# Data provided:

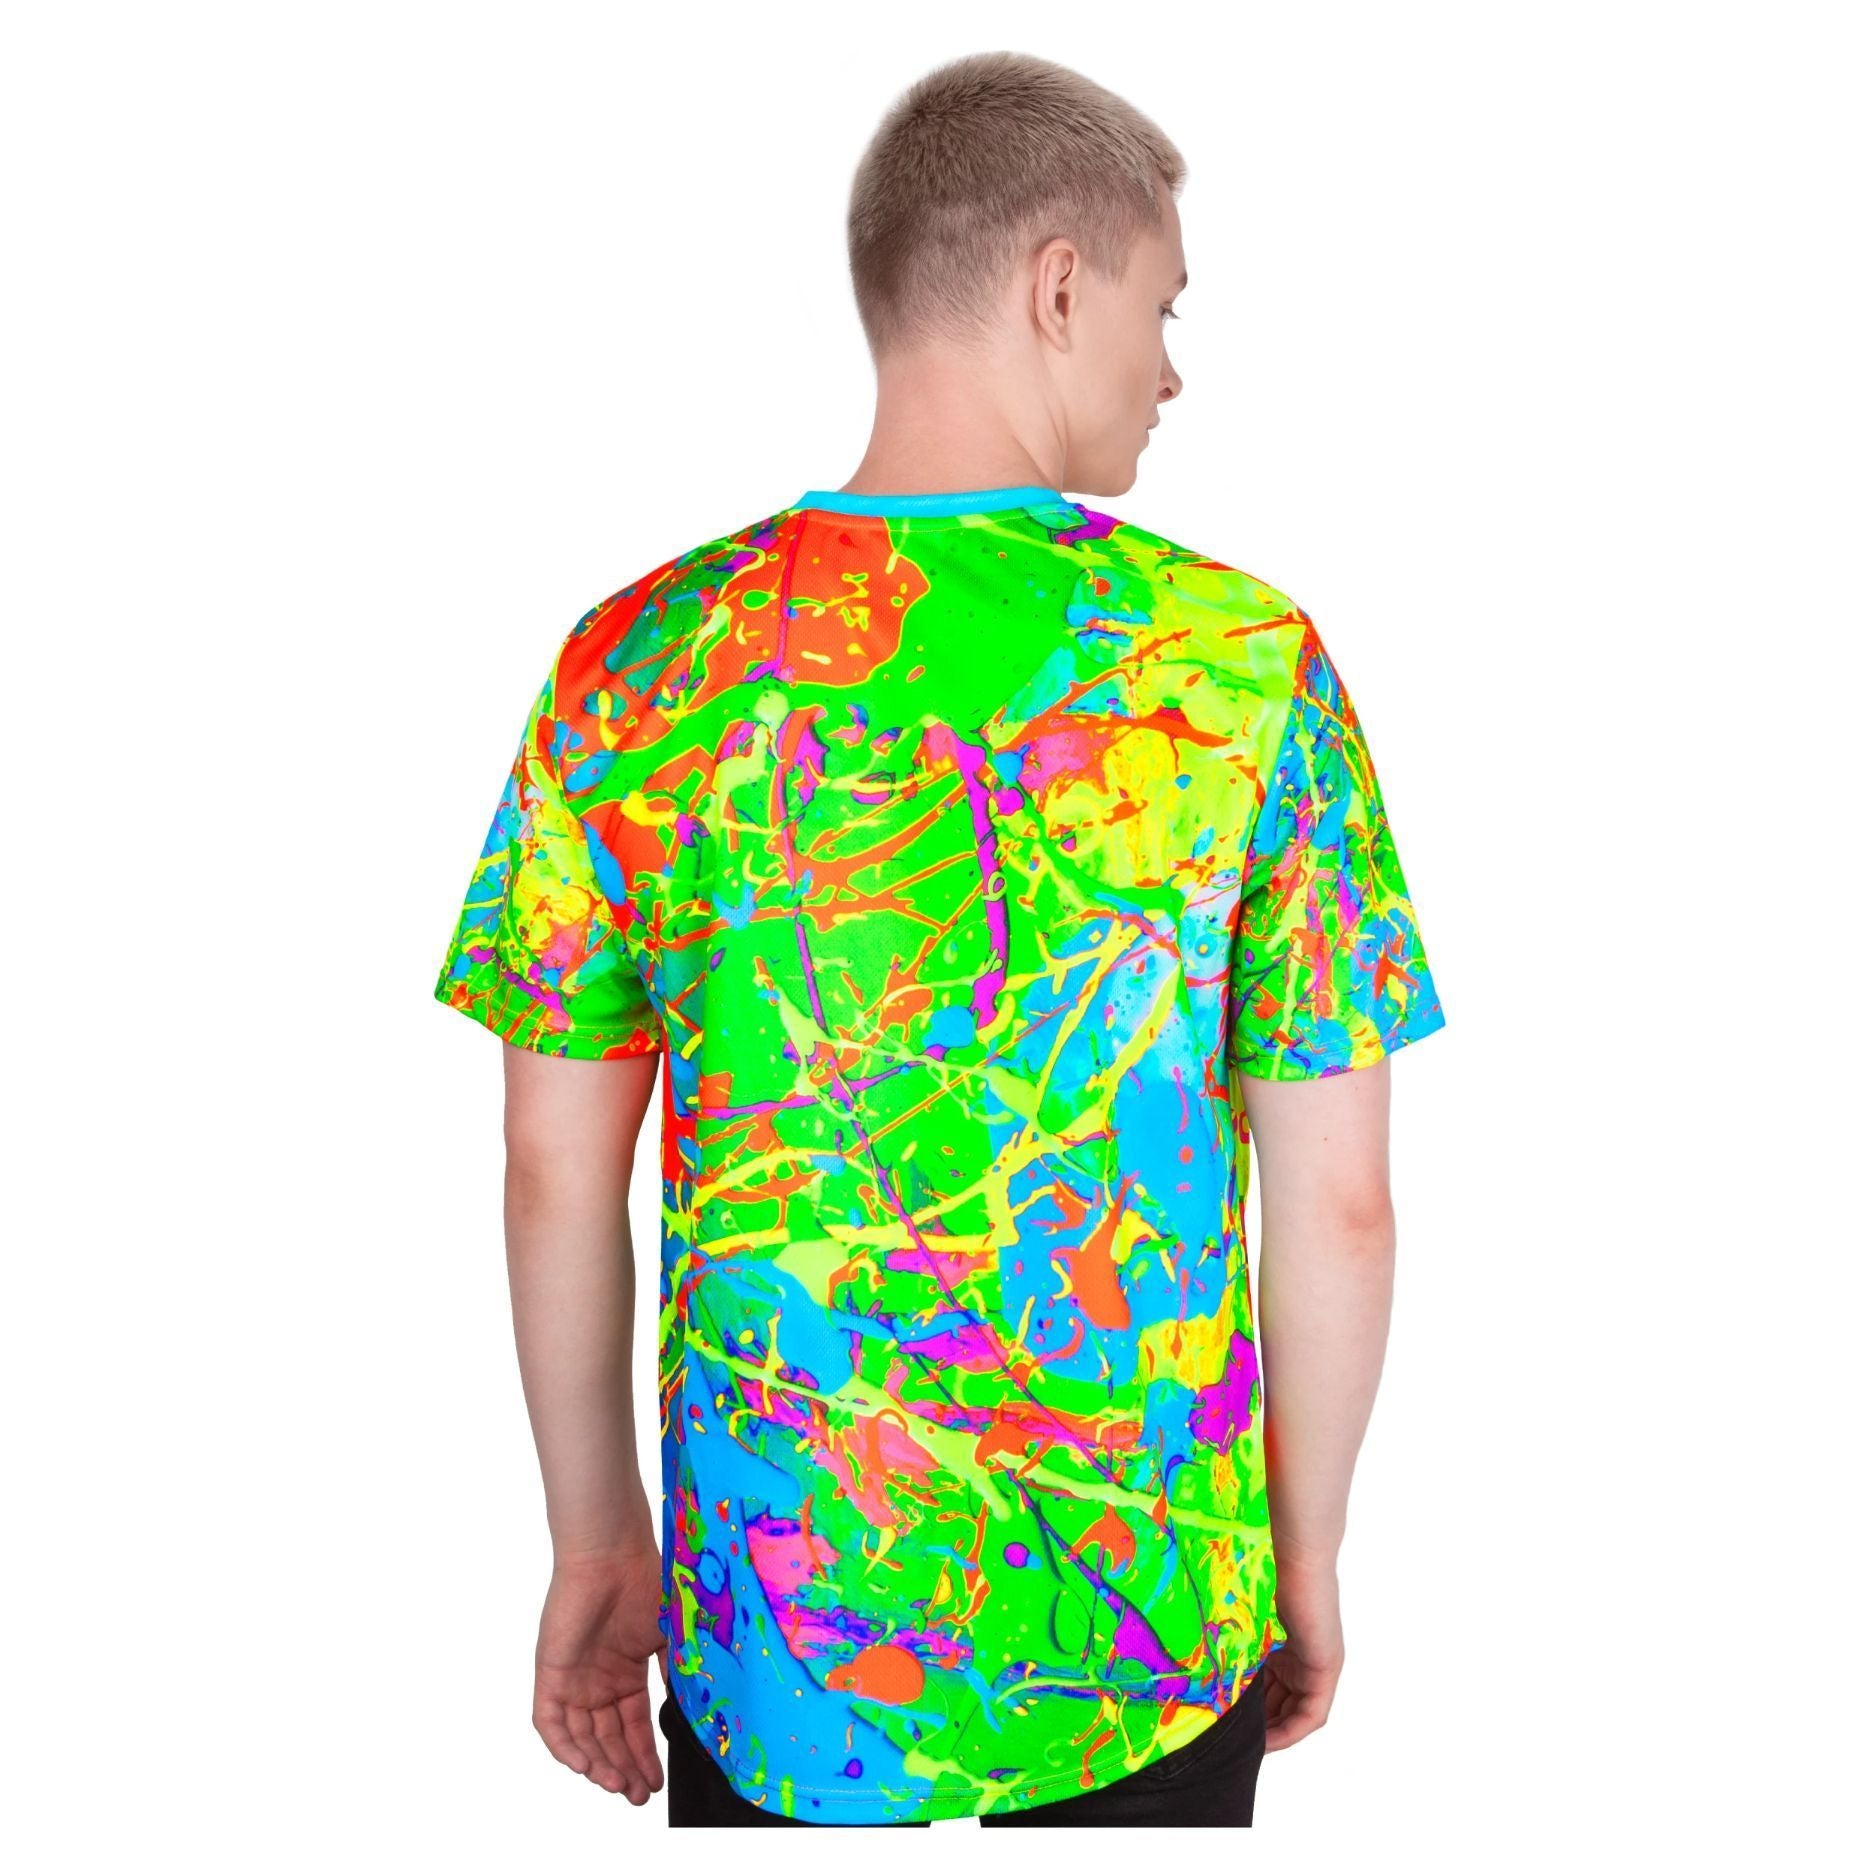 Neon Graphic T-Shirts Glow in UV Fluorescent Blue Lagoon ts32
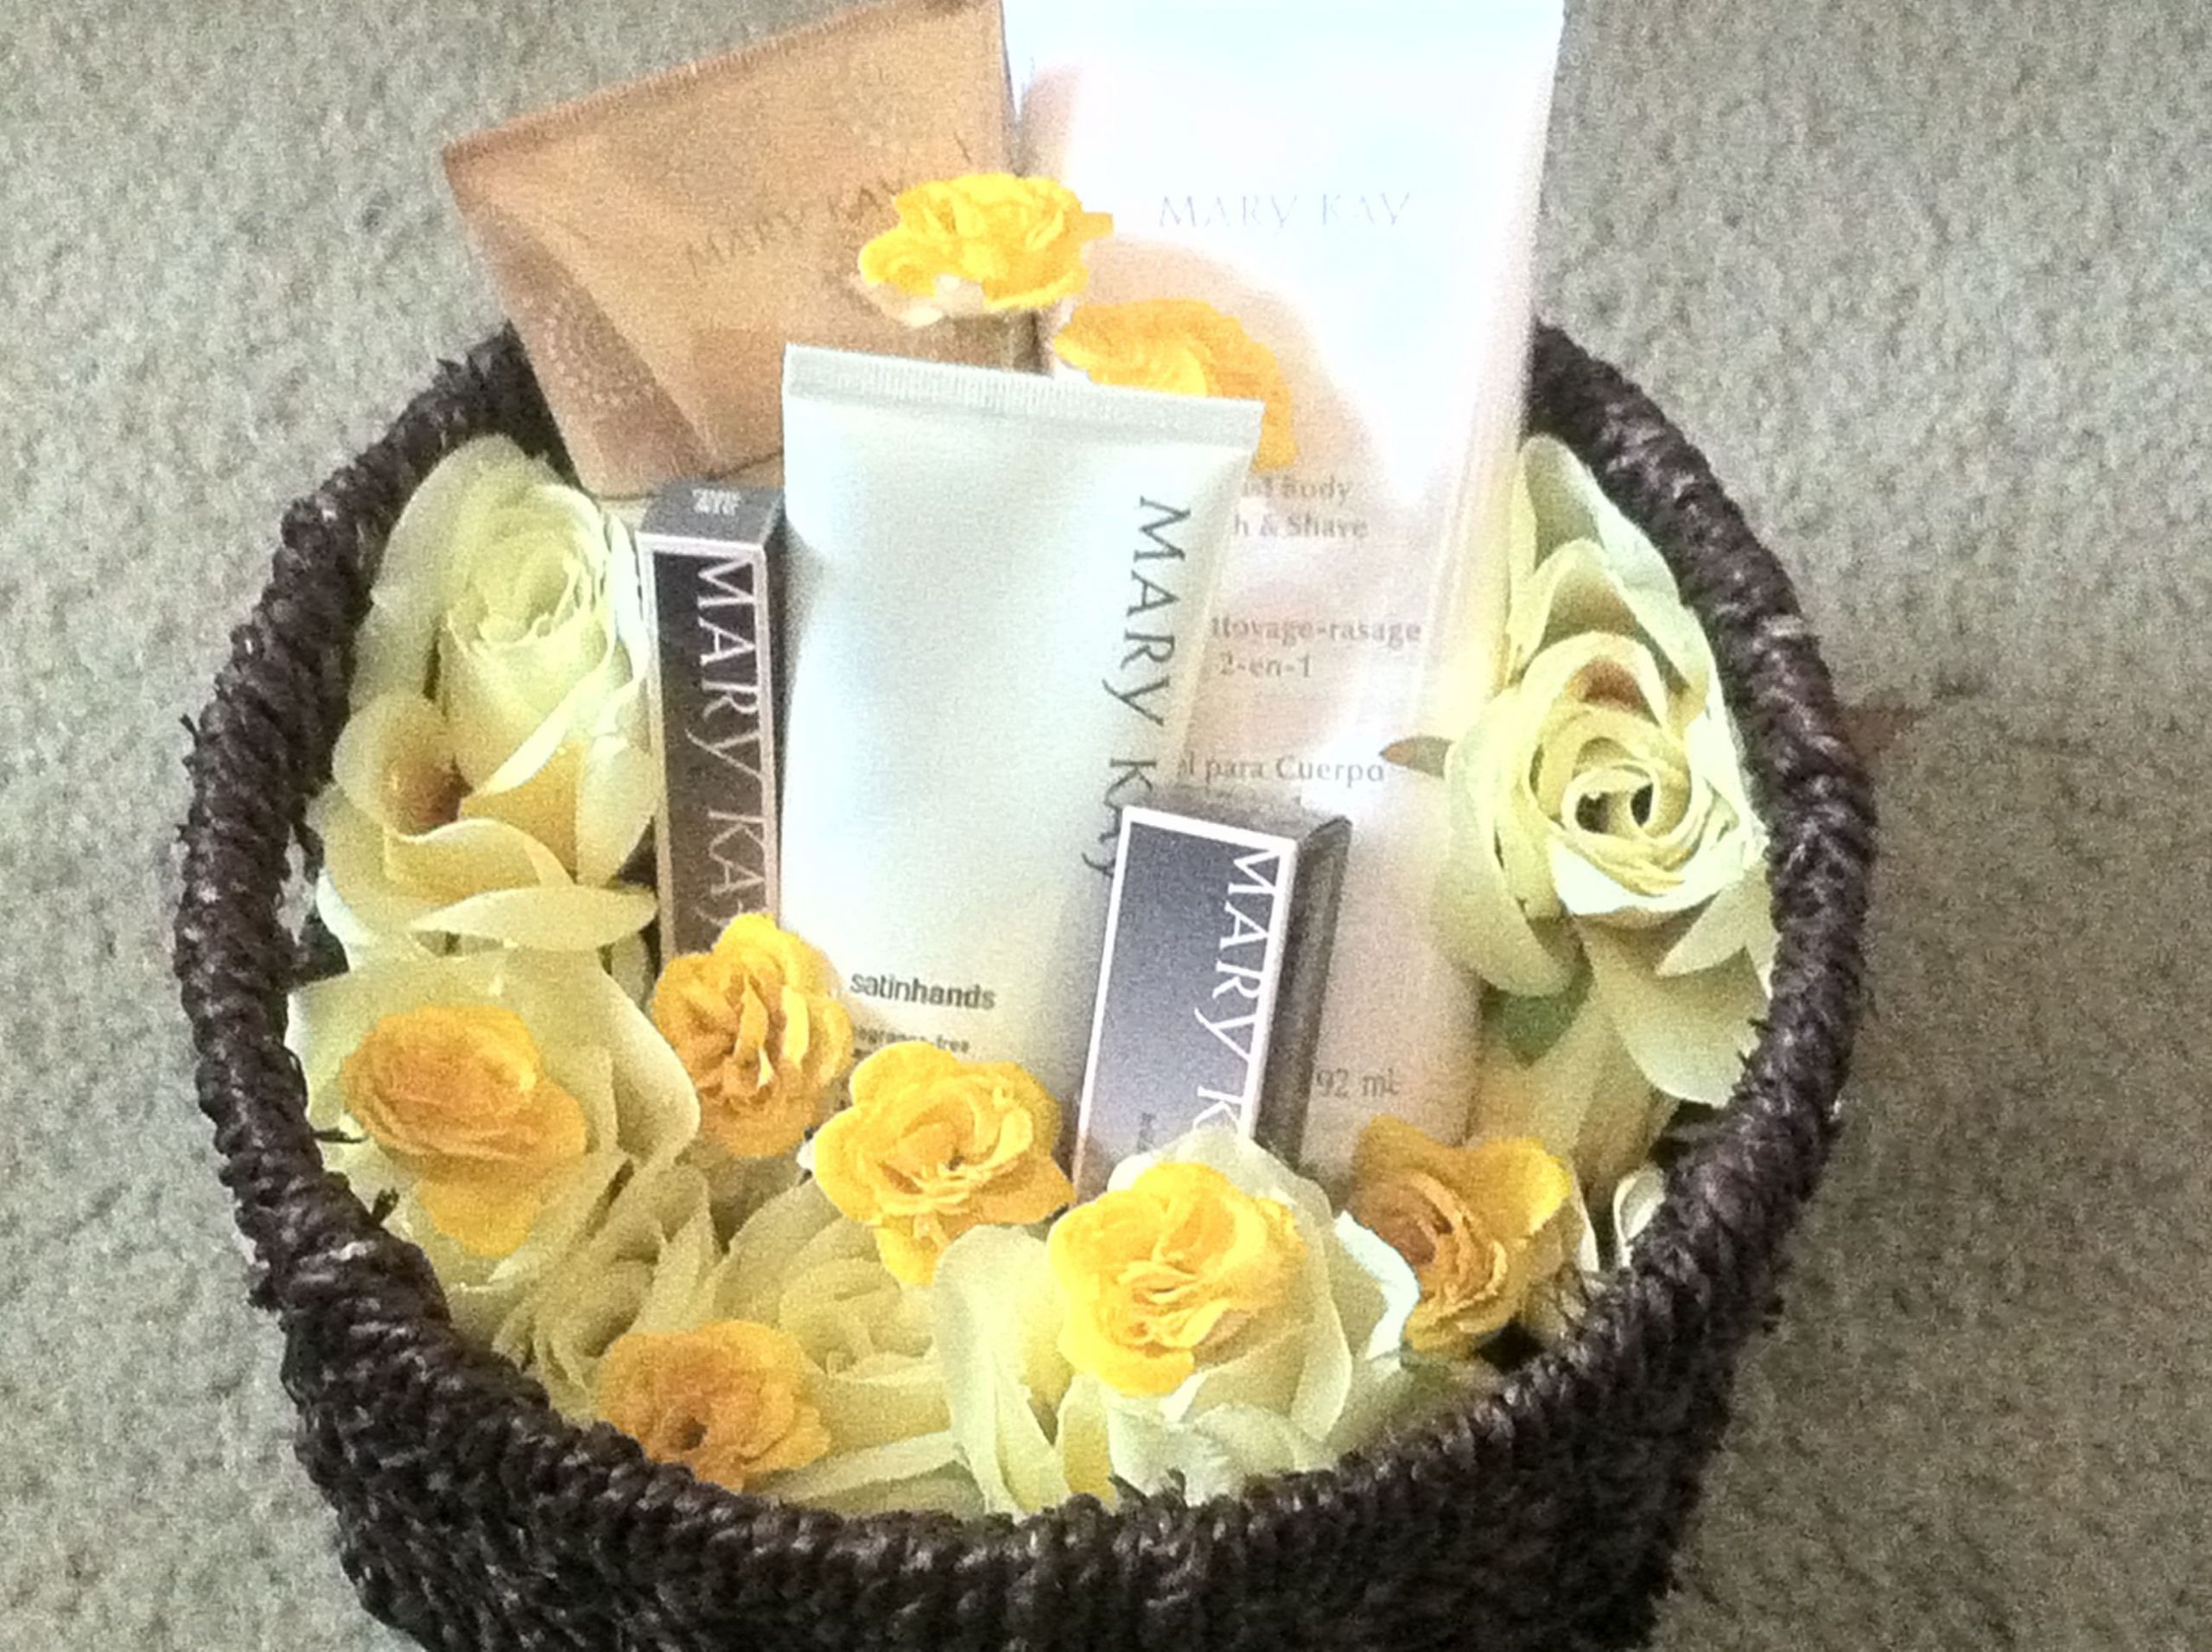 Mary Kay Gift Baskets Ideas
 This is a Mothers Day Mary Kay basket I made for a client

# Task instructions:
Word for word, please, restate the lines of the listing from the one holding "Mary Kay Gift Baskets Ideas" down to the last line, leaving out any pictures.

# Task response:
 Mary Kay Gift Baskets Ideas
 This is a Mothers Day Mary Kay basket I made for a client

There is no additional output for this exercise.